Dan saat ini Melisa sedang menunggu Keland di simpang. Tempat ia diturunkan Keland saat pergi sekolah dan tempat ia menunggu Keland saat pulang sekolah. Itu sudah perjanjian mereka. Mereka sengaja melakukan itu agar tidak ketahuan. Bahkan saat pulang sekolah mereka sengaja pulang paling terlambat menunggu yang lainnya pulang terlebih dahulu. Saat sudah sepi baru lah Melisa menuju ke simpang dan Keland akan menyusul nya. Mereka benar-benar harus sangat hati-hati sekarang mengingat gosip itu, sepertinya Keland akan jadi sasaran empuk para pencari berita.
🚗🚗🚗
"Kak... tadi teman-teman ku  ngajak aku jalan besok, aku udah gak pernah lagi kumpul sama mereka, jadi mereka ngajak aku besok, katanya kumpul terakhir sebelum fokus ke ujian. Kak...boleh yah aku pergi" ijin Melisa hati-hati, takut Keland marah.
Tapi sepertinya Keland berfikir sejenak.
"Baiklah, tapi kau harus janji, setelah itu kau benar-benar harus fokus ke ujian, ingat kau harus memperoleh setidaknya 5 besar" ucap Keland mengingatkan membuat Melisa mengangguk semangat.
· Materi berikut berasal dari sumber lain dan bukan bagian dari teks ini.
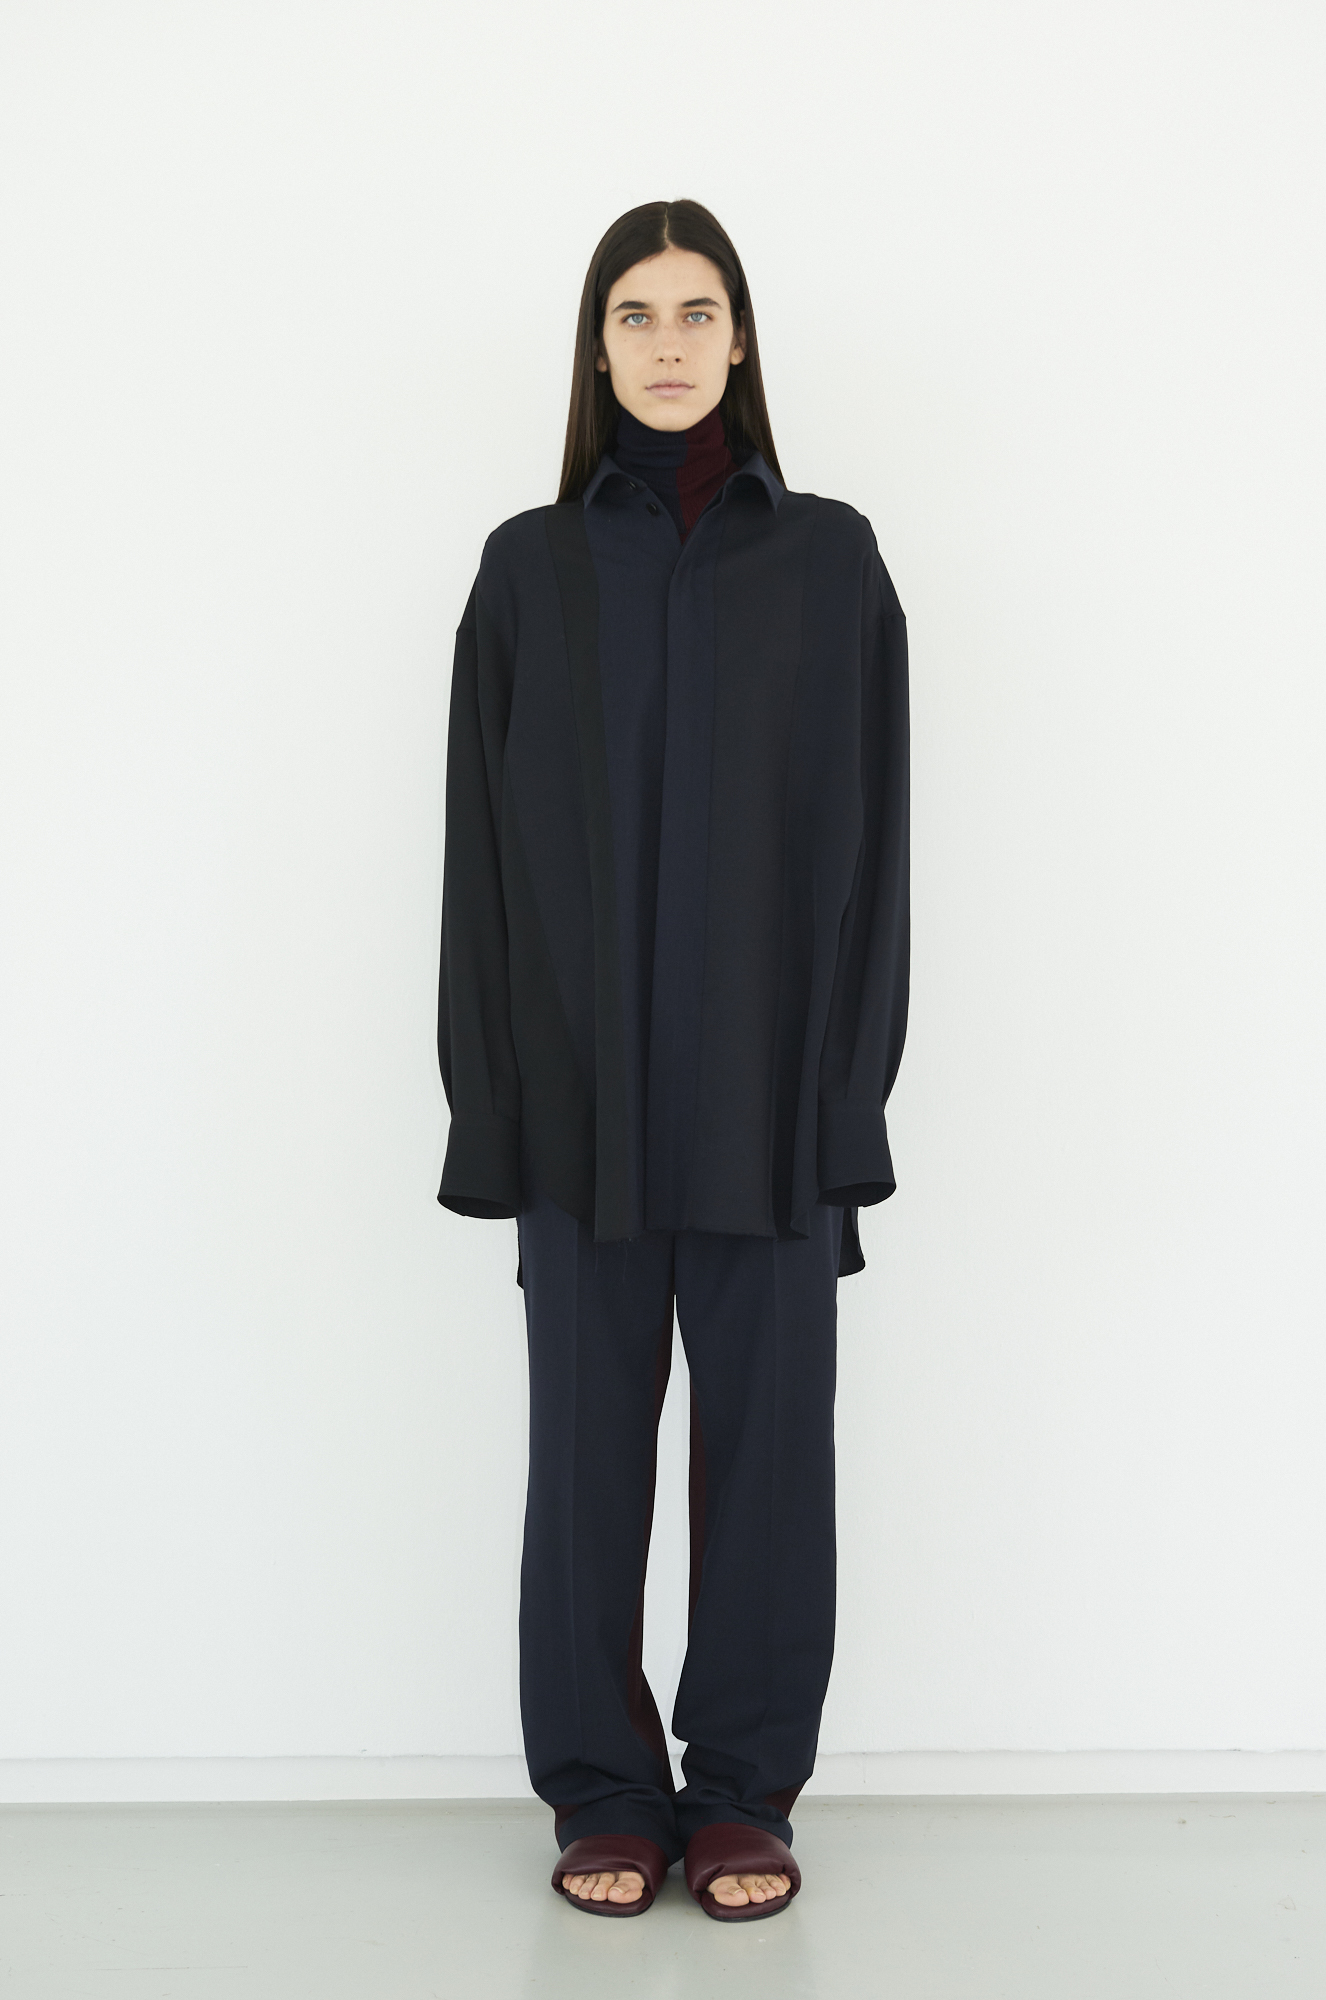 GAUCHERE Fall Winter 2021 Paris Fashion Week LOOK 14 Knit Top TAMER, Shirt THEES, Trousers TOVE, Shoes PILLOW

"Ia kak, aku janji" janji Melisa sumringahh. Kini ia mulai berkata 'aku' pada Keland saat hanya mereka berdua saja.
Keland sangat senang melihat Melisa tersenyum entah mengapa dengannya. Tapi ia merasa sangat ingin membuat Melisa selalu tersenyum karna itu selalu berhasil membuat hatinya bergetar.
....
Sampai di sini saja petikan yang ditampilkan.